Yet the Gallagher children have undeniably inherited one key trait from their father: cynicism. Suspicious of bromides, pre-packaged ethics, or political parties and slogans, they absolutely see a “rigged” system and are proud of their resourcefulness by any means necessary. As Lip states matter-of-factly early on in the series, “there are only two ways for the poor to make money: steal or scam it.” They’re unashamed of their rawness — their frantic grabs at pleasure as well as survival — but they don’t really believe in collective power. They see how deprivation, exhaustion, and humiliation can not only beat down the “screwed” individually but cause them to turn on one another.

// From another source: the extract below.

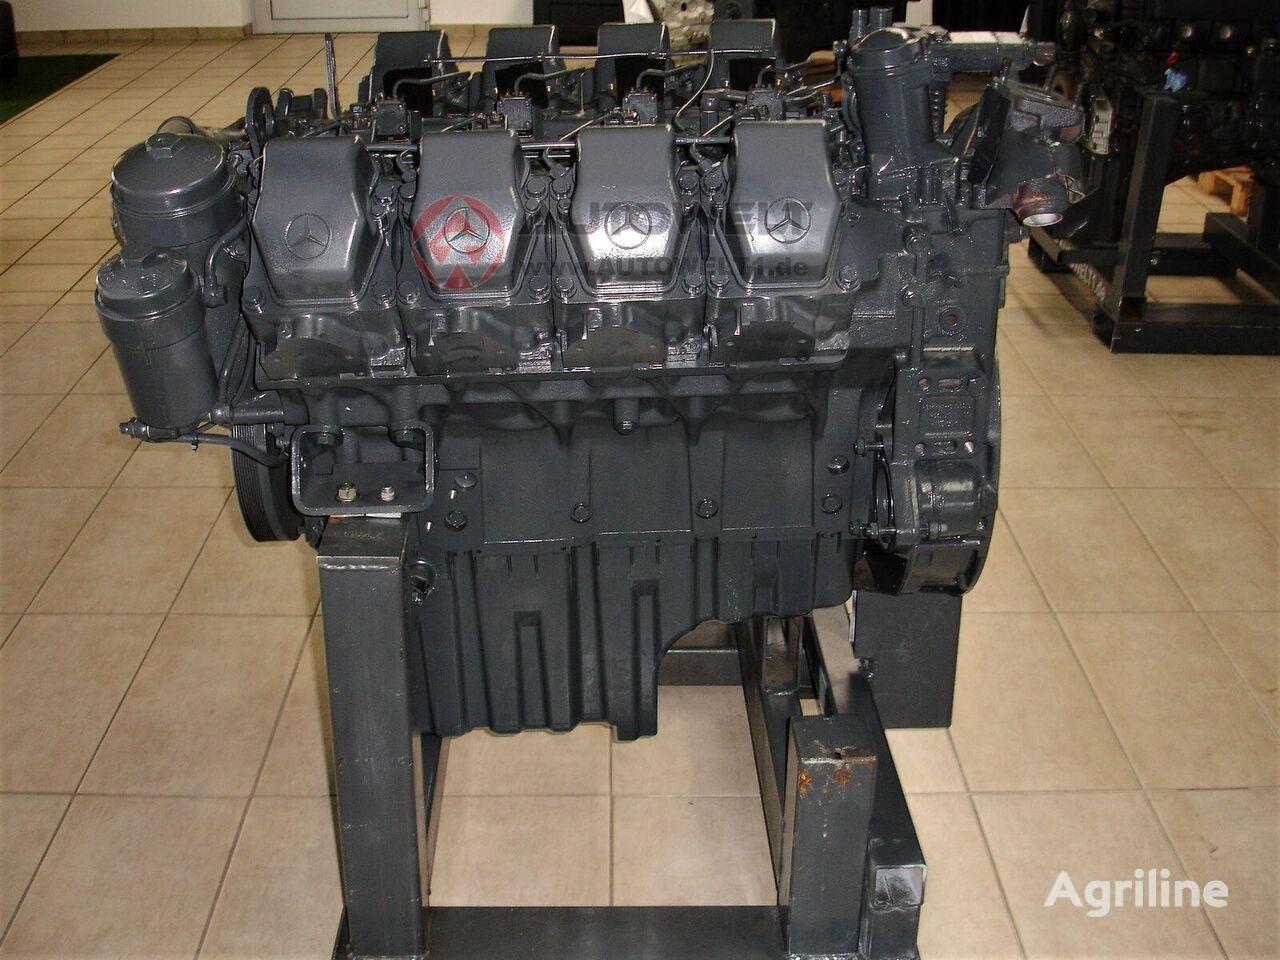 neuer MERCEDES-BENZ OM 502 LA Motor für CLAAS Jaguar Mähdrescher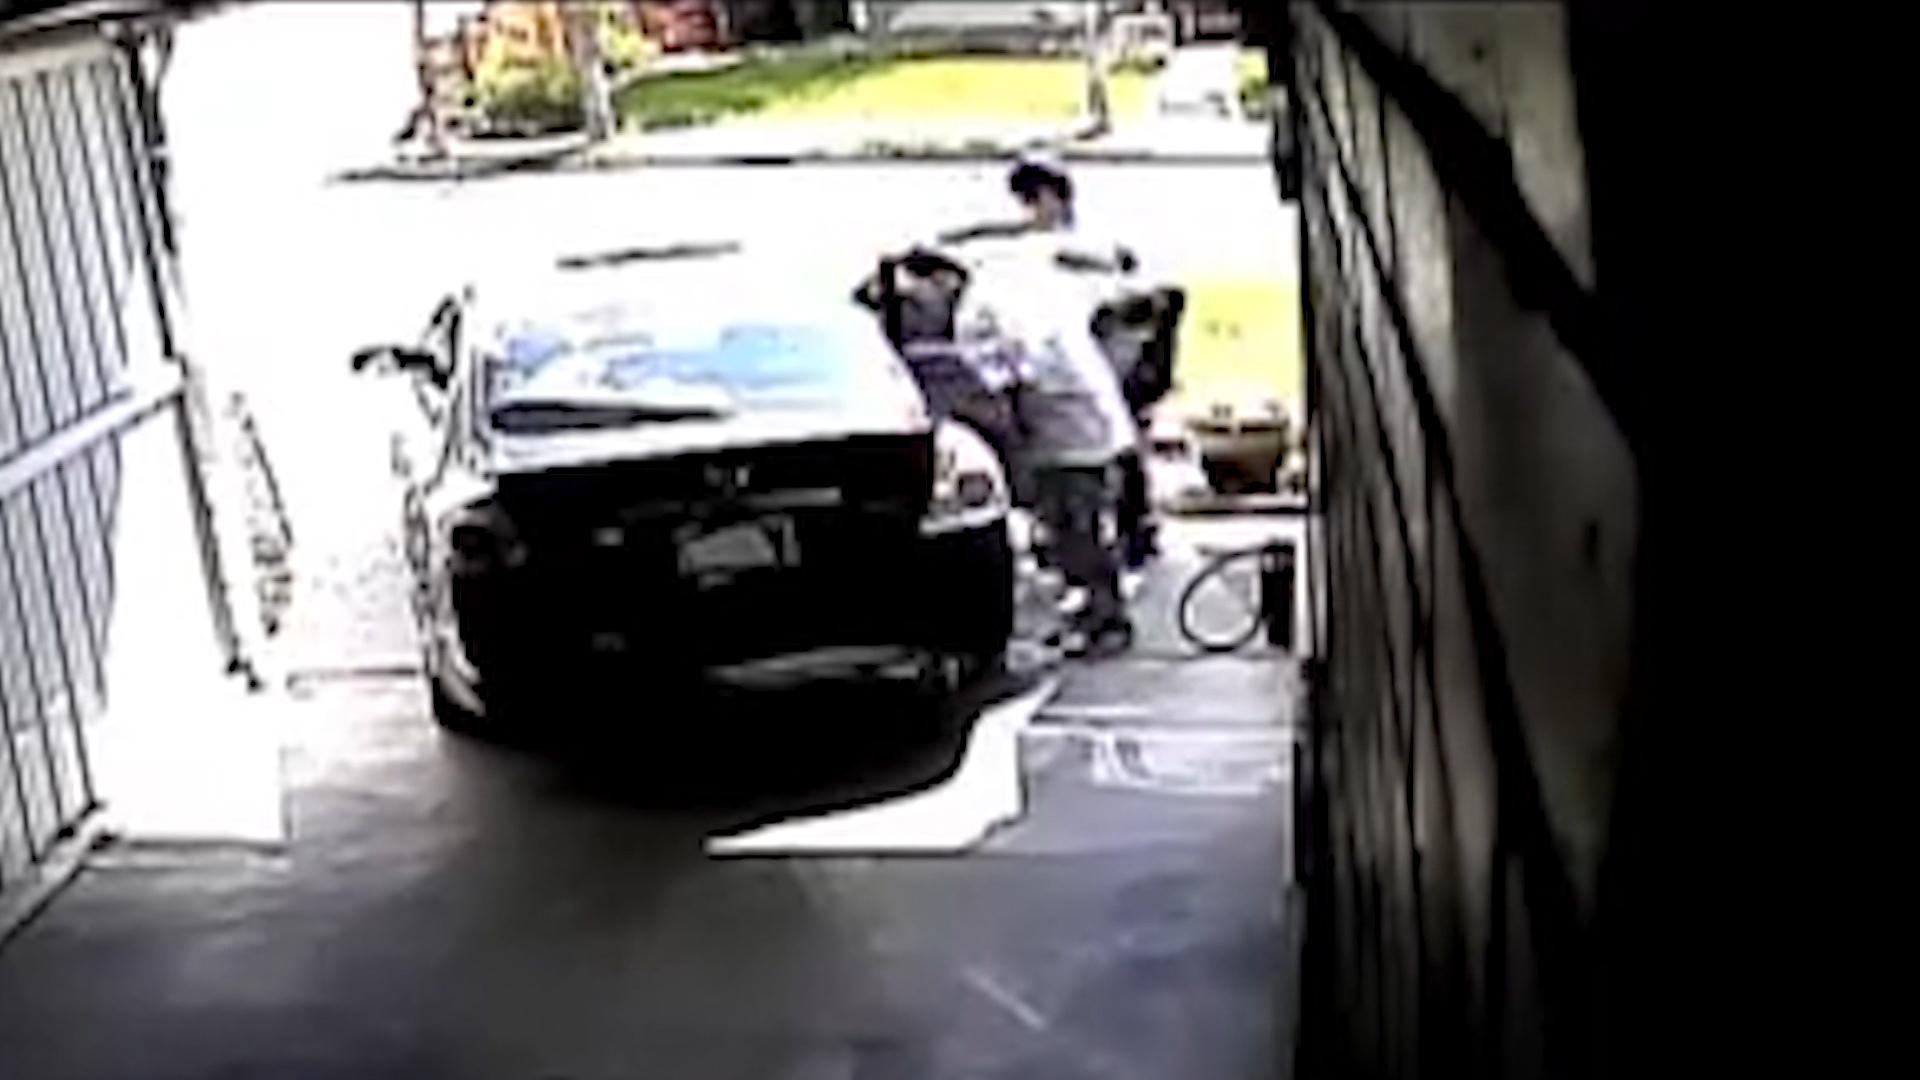 Thieves Caught On Camera Burglarizing Home Ksl Com

That’s precisely why none of the Shameless crew would fall for Trump’s pandering. They’d mock him as the biggest “screwer” of all who profits ‘shamelessly’ from the very system keeping them right where they are. (Also see Creeber on the characters’ disaffection from politics.) But perhaps their efforts to be bold, loud, visible can provide some insight into his supporters’ most extreme and repugnant responses to their own varied experiences of disenfranchisement. Tirado’s book serves as another illuminating source: “The problem I have isn’t just being undervalued—it’s that it feels as though people go out of their way to make sure you know how useless you are.” We need political leaders who truly recognize, rather than exploit, this feeling. We need to give working poor people a genuine reason to participate in what Tirado calls the “luxury” of “civic engagement.”